Le troisième genre pakistanais

En décembre dernier, je me suis rendue au Pakistan dans le cadre d'une mission. J'ai photographié, entre autres, la communauté transgenre, en pleine expansion dans le pays. En 2016, le gouvernement pakistanais a adopté une série de lois accordant aux personnes transgenres le droit d'obtenir une carte d'identité les définissant comme étant d'un troisième sexe et leur garantissant le droit de vote, mais en pratique, l'acceptation par les sphères les plus conservatrices de la population est encore loin d'être gagnée.

Ce que je trouve de vraiment spécial au Pakistan, c'est le fait que les Pakistanais considèrent les personnes transgenres comme des sortes de saints, en dépit de la stigmatisation qui entoure cette communauté dans le pays. L'embauche de danseurs transgenres lors des mariages, baptêmes et autres événements est une tradition vieille de plusieurs siècles. Sur cette photo, l'actrice Lucky se prépare à une telle performance.

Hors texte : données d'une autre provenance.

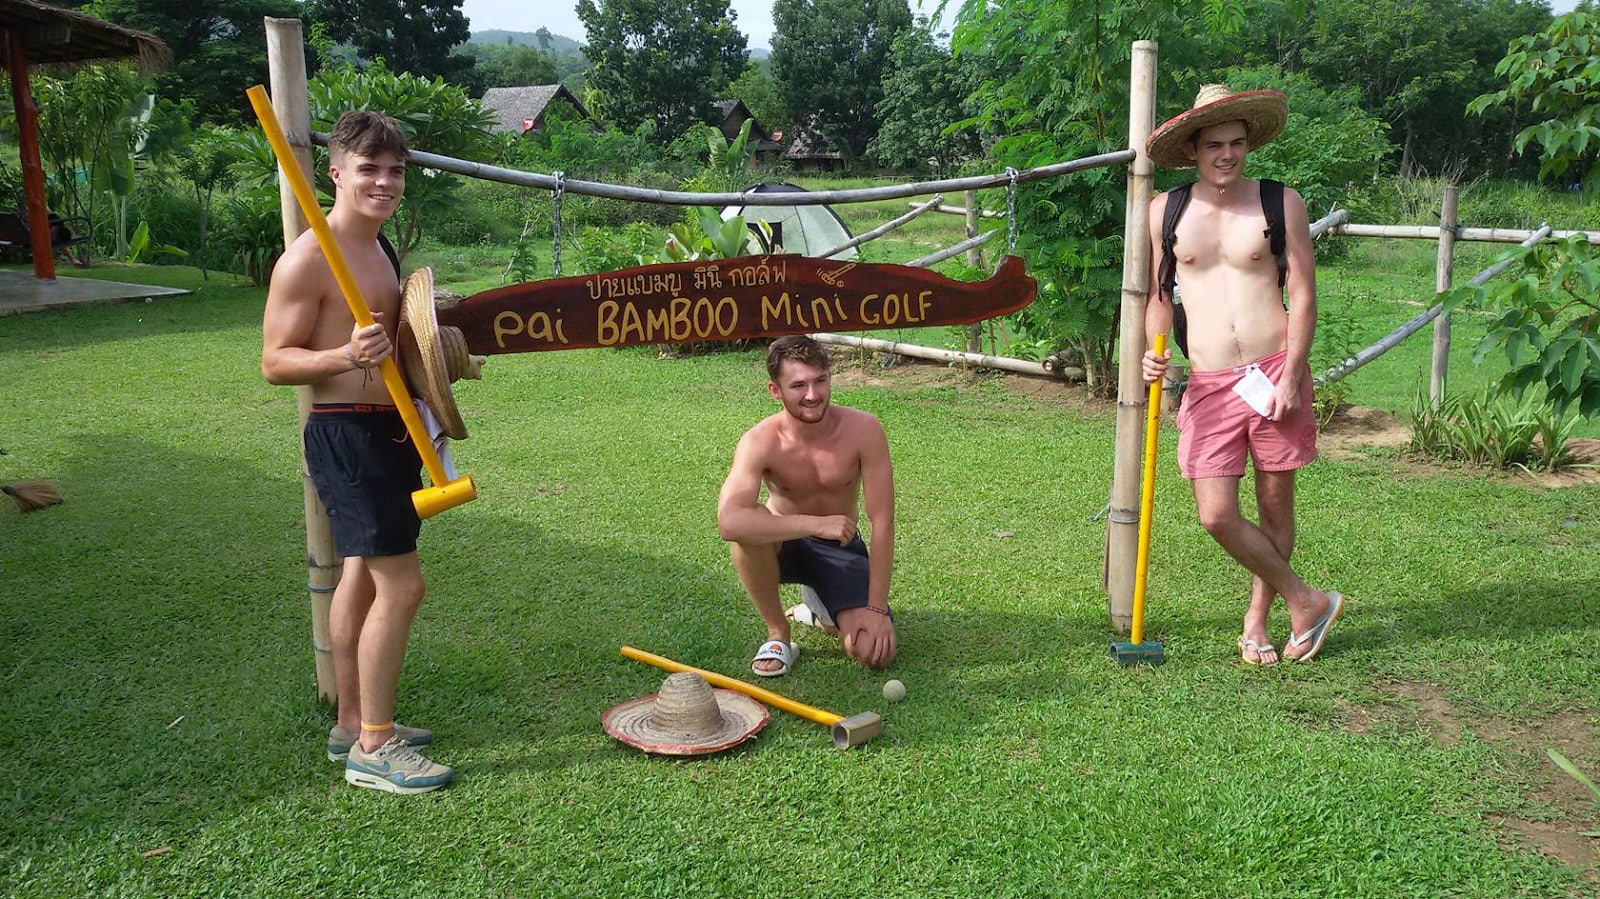 Players at the Pai Bamboo Mini Golf Course

Jannat Ali, 27 ans, est l'une des membres les plus actives de « Khwaja Sira », une importante organisation située dans la ville de Lahore, qui se bat pour les droits des personnes transgenres. Sur cette photo, deux gardes de sécurité protègent Jannat qui se rend à un concert. Les Pakistanais transgenres étant quotidiennement confrontés au harcèlement, Khwaja Sira a dû embaucher des gardes dans le but d'assurer la sécurité de ses membres.